Вижу лик, и глаза, и рот,
Но души мне не различить[17].
 
   Эти чувства существовали всегда. Они не формируют национализм; они соотносятся с определенными вещами – территорией, языком, происхождением, – которые мы также находим в национализме. Но там они полностью трансформированы, наполнены новыми эмоциями и помещены в более широкий контекст. Они – естественные элементы, из которых складывается национализм; но национализм – не естественный феномен, не продукт «вечных» и «натуральных» законов; национализм – это результат роста социальных и интеллектуальных факторов на определенном этапе исторического процесса. Допустимо сказать, что какое-то чувство национальной принадлежности существовало и до рождения современного национализма – чувство, неравное по глубине и частоте проявления в разные времена; в некоторые эпохи почти полностью истребленное, в другие – более или менее ясно проявляющееся. Тем не менее в целом оно было неосознанным и невыраженным, не воздействовало на мысли и поступки людей глубоким и всепроникающим образом. Отчетливо это чувство проявлялось только случайно, у отдельных личностей или у отдельных групп, порою – под давлением или в результате провокации. Оно не определяло цели и поступки людей в течение какого-либо длительного времени. Оно не являлось целенаправленной волей, сплавляющей индивидуумов в единство эмоций, мыслей и действий[18].

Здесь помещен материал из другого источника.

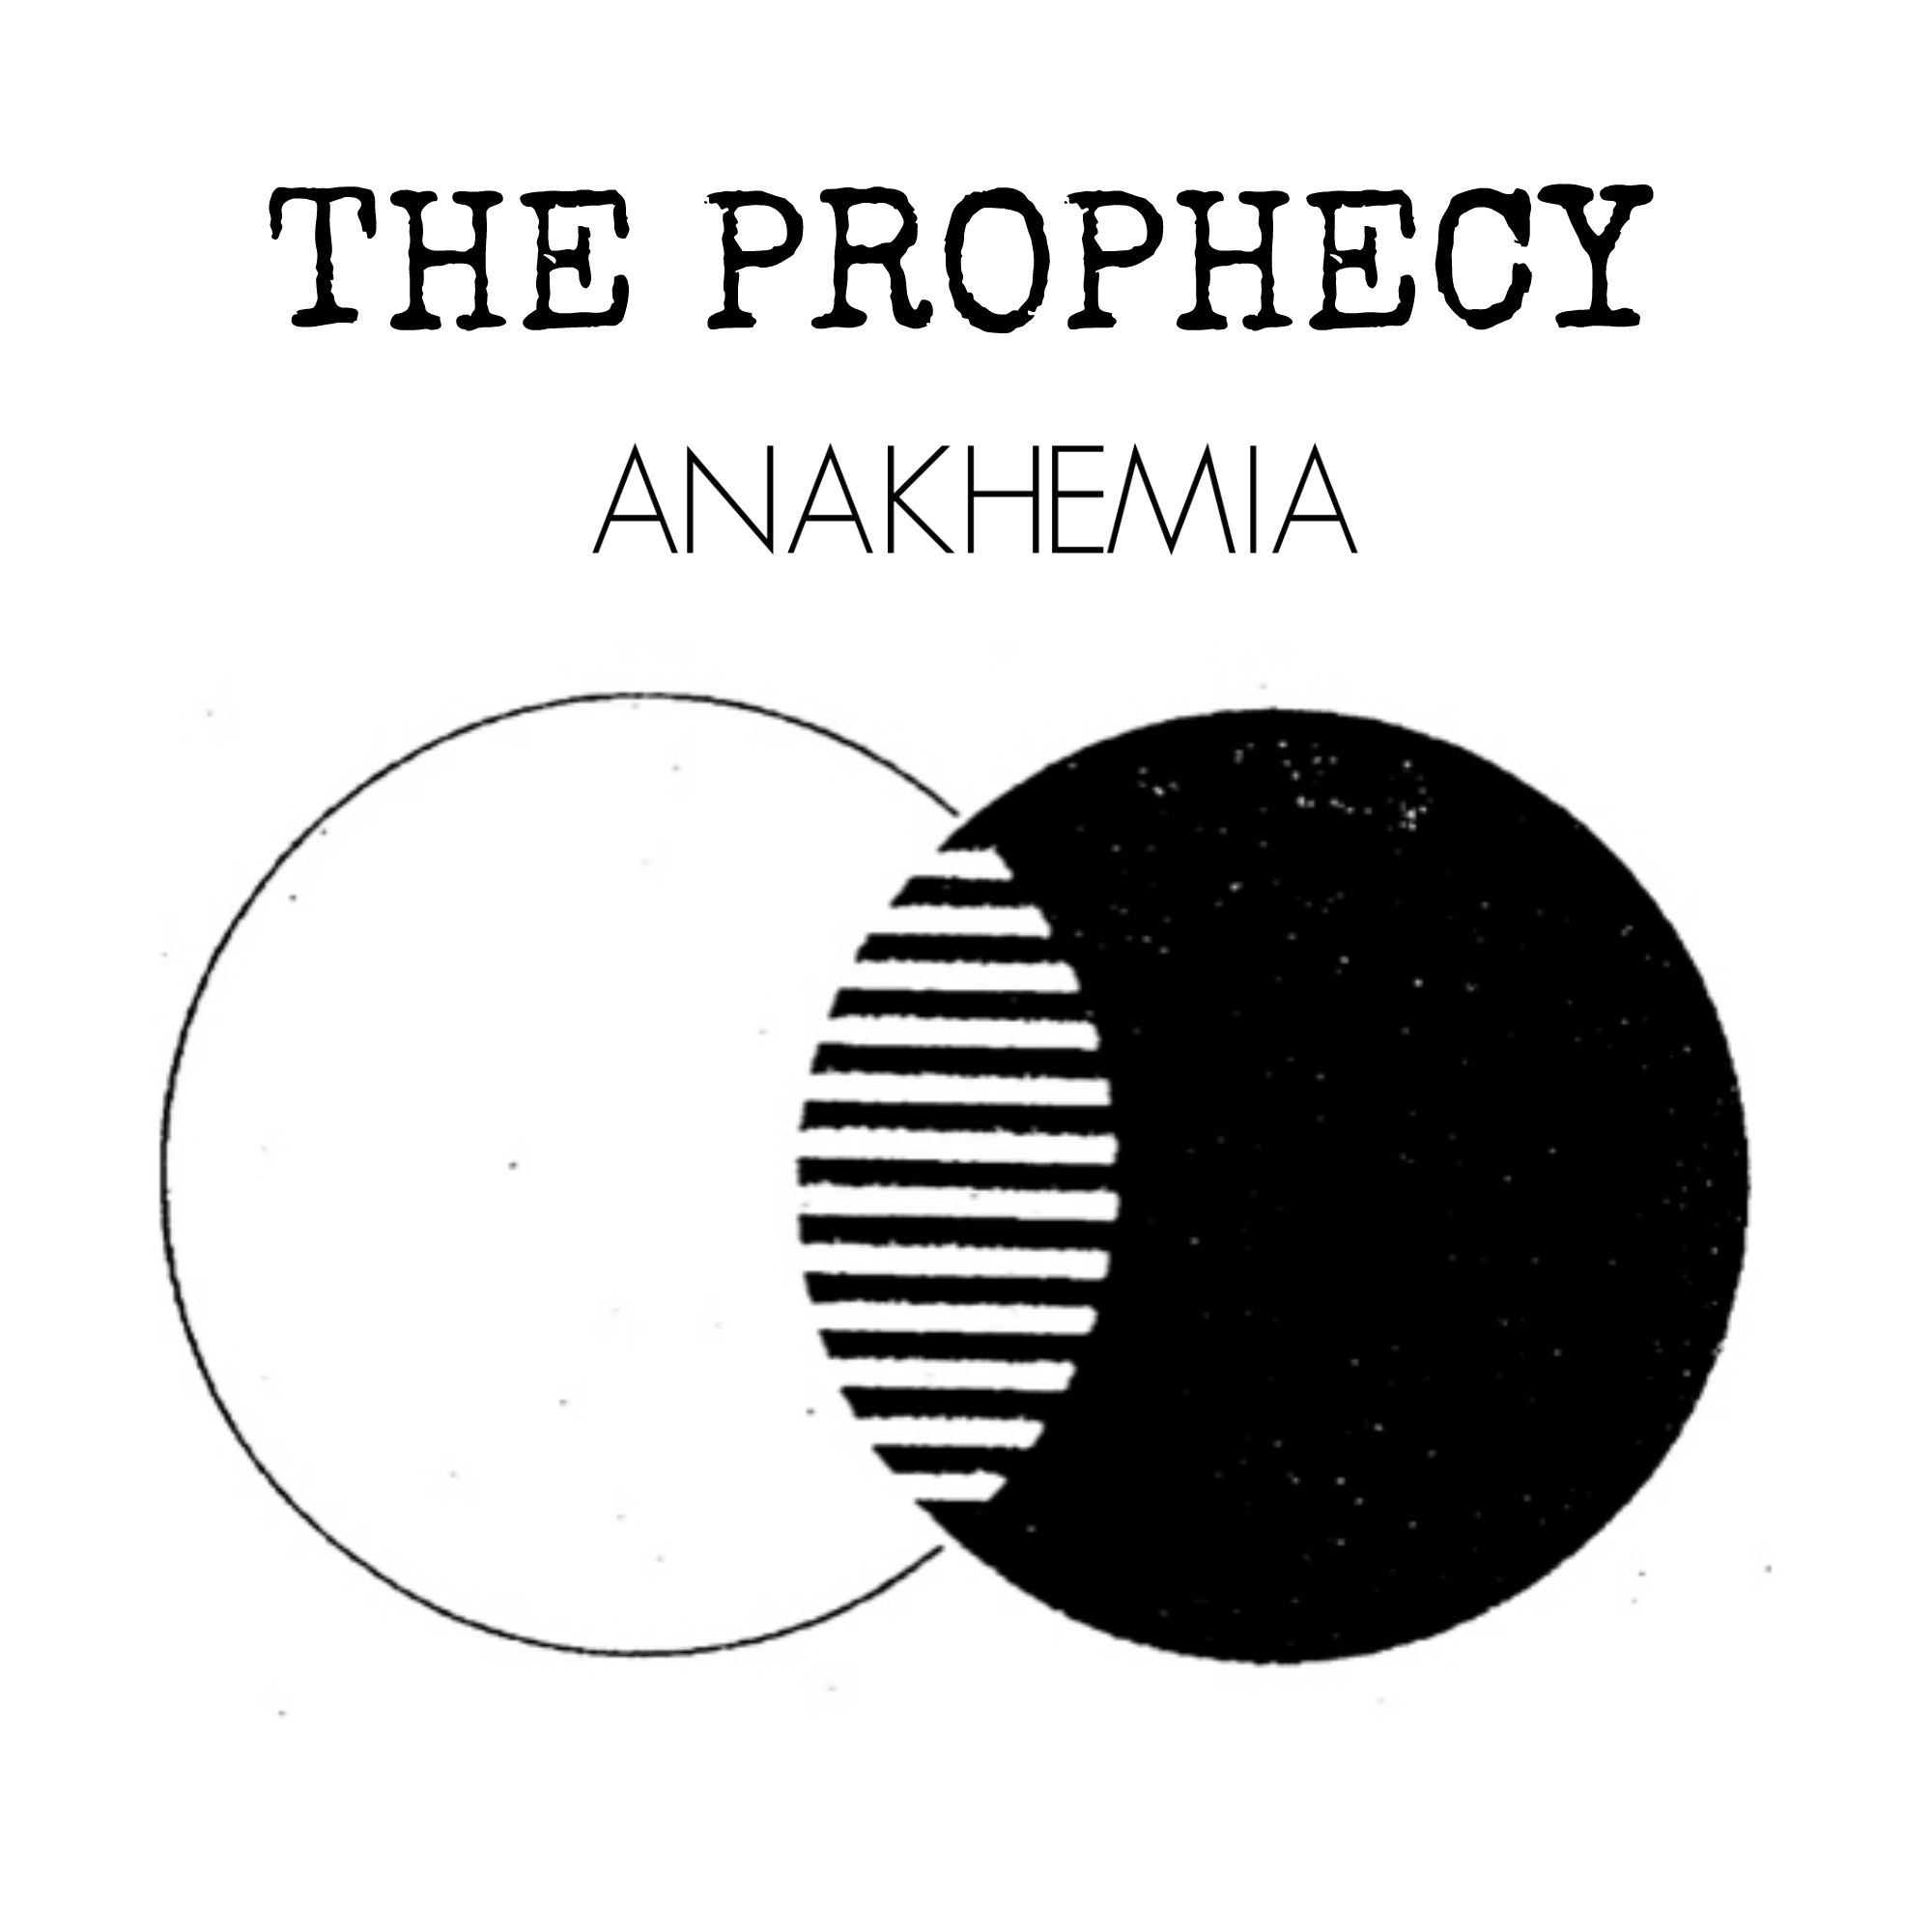 the_prophecy_artwork.jpg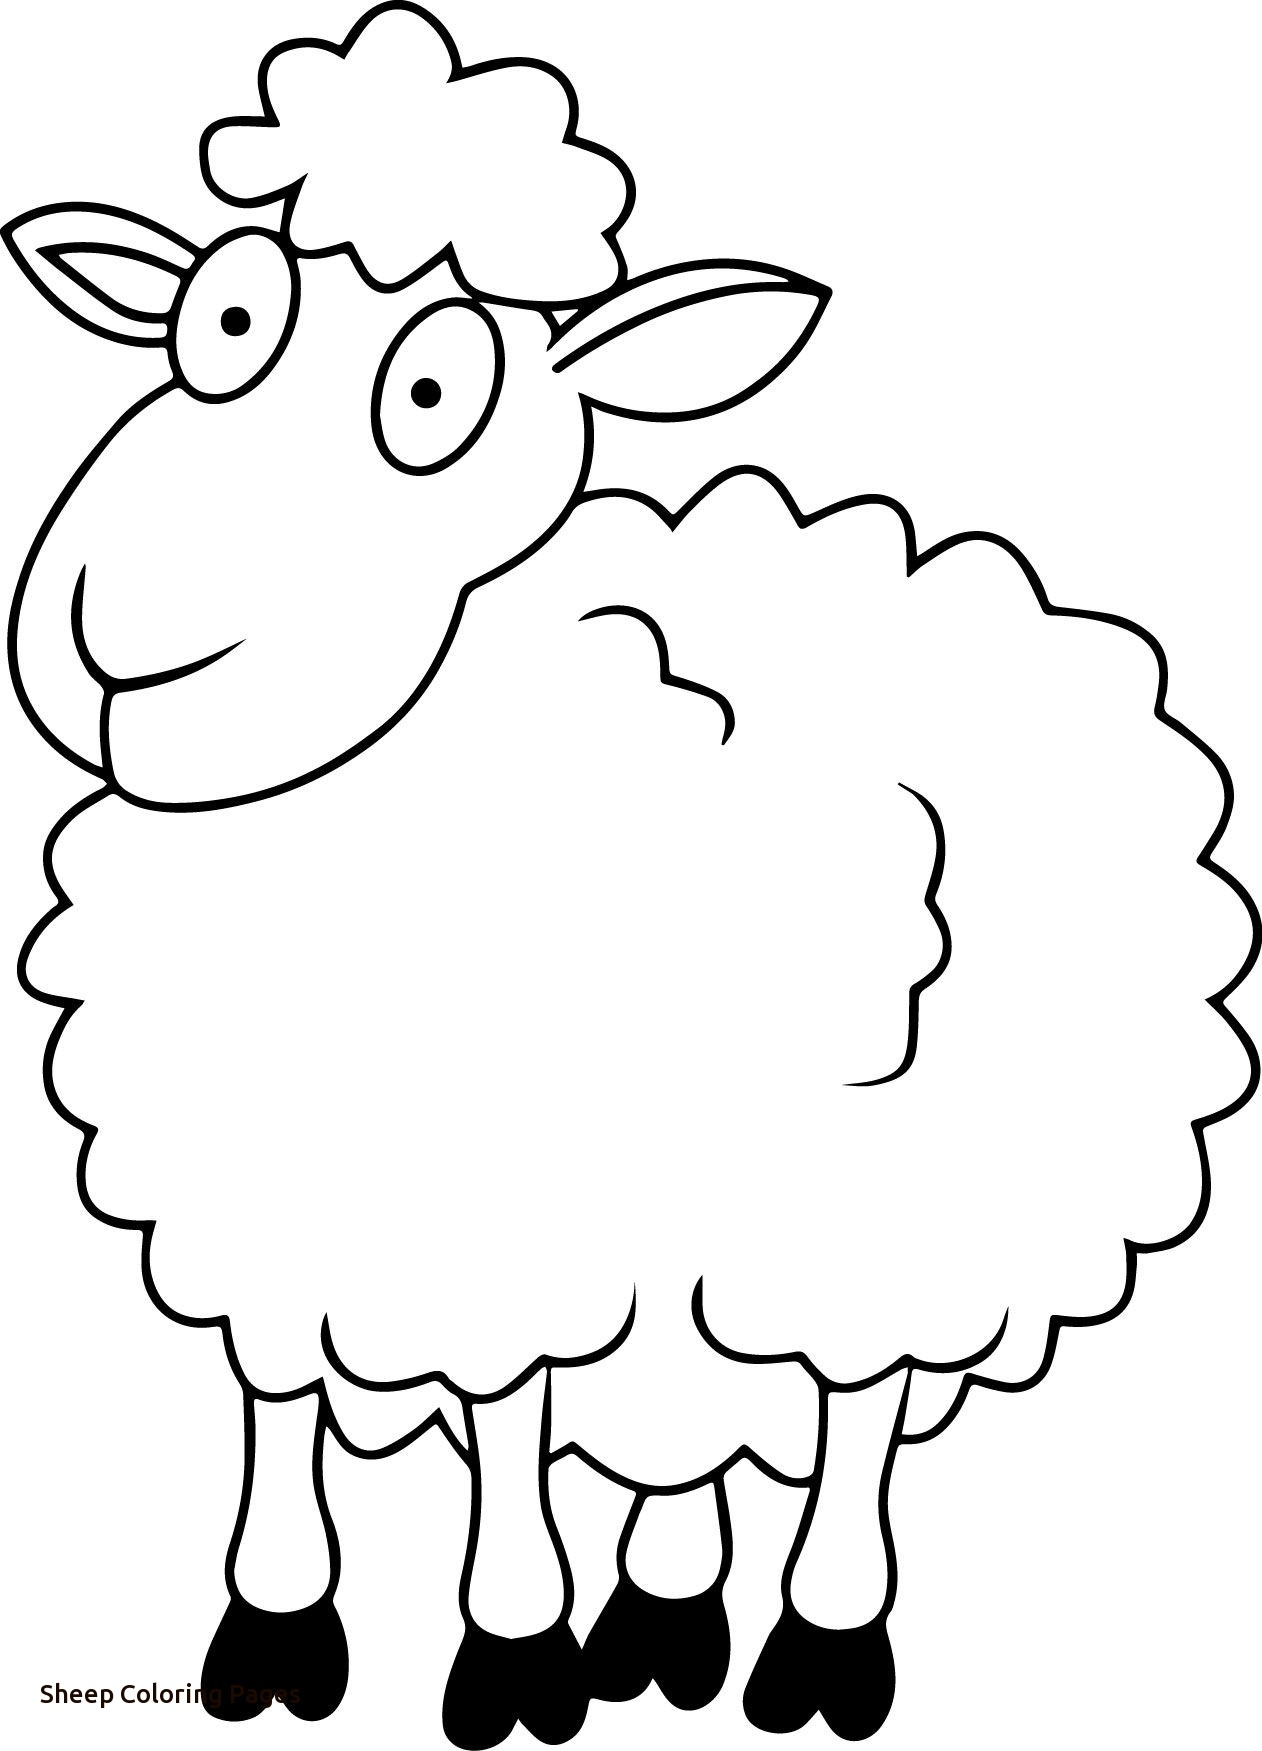 Lamb Outline Drawing at GetDrawings.com | Free for personal use Lamb ... for lamb drawing outline  565ane

   До эпохи национализма люди очень редко обращали внимание на тот факт, что один и тот же язык используется на значительной территории. На самом деле это не был тот же самый язык: несколько диалектов существовали бок о бок, иногда непонятные для жителя соседней провинции. Устный язык принимался как сама собой разумеющаяся реальность. Он ни в коем случае не рассматривался в качестве политического или культурного фактора, а тем более в качестве объекта политической или культурной борьбы. В Средние века многочисленность языков объяснялась библейским текстом как последствие греховности человека и Божье наказание за возведение Вавилонской башни. Значимость языка ощущалась в пограничных районах, а также в ходе экспедиций и путешествий. Тогда становился очевидным чужеродный характер группы, говорящей на незнакомом языке, и многие народы впервые осознавались как чужие и назывались иноязычными. Греческое слово barbaros (означающее «чужой» или «иностранный» и, соответственно, «грубый» и «невежественный»), вероятно, проистекало из понятия «косноязычие» или «неспособность понятно разговаривать» – слово, схожее с санскритским Barbara («косноязычный» или «не-арийский»). Славяне назвали германцев, с которыми они вступили в контакт, немцы, «немые» – люди, которых никто не понимает. Человек, говорящий на непонятном языке, казался пребывающим за чертой цивилизации. Но язык воспринимался славянами и другими народами как объективная реальность, а не как культурное наследие. Язык, служивший для передачи по наследству сокровищ духовной культуры, – в средневековой Европе так же, как в исламской цивилизации, в Индии и в Китае, – обычно отличался от языка, на котором говорил народ: его специально изучали, им владели только представители образованного класса. Даже если это не был язык другого происхождения, он обычно являлся столь архаичным и насыщенным многообразными, чисто литературными, классическими ассоциациями, что лишь небольшая группа людей могла его понимать.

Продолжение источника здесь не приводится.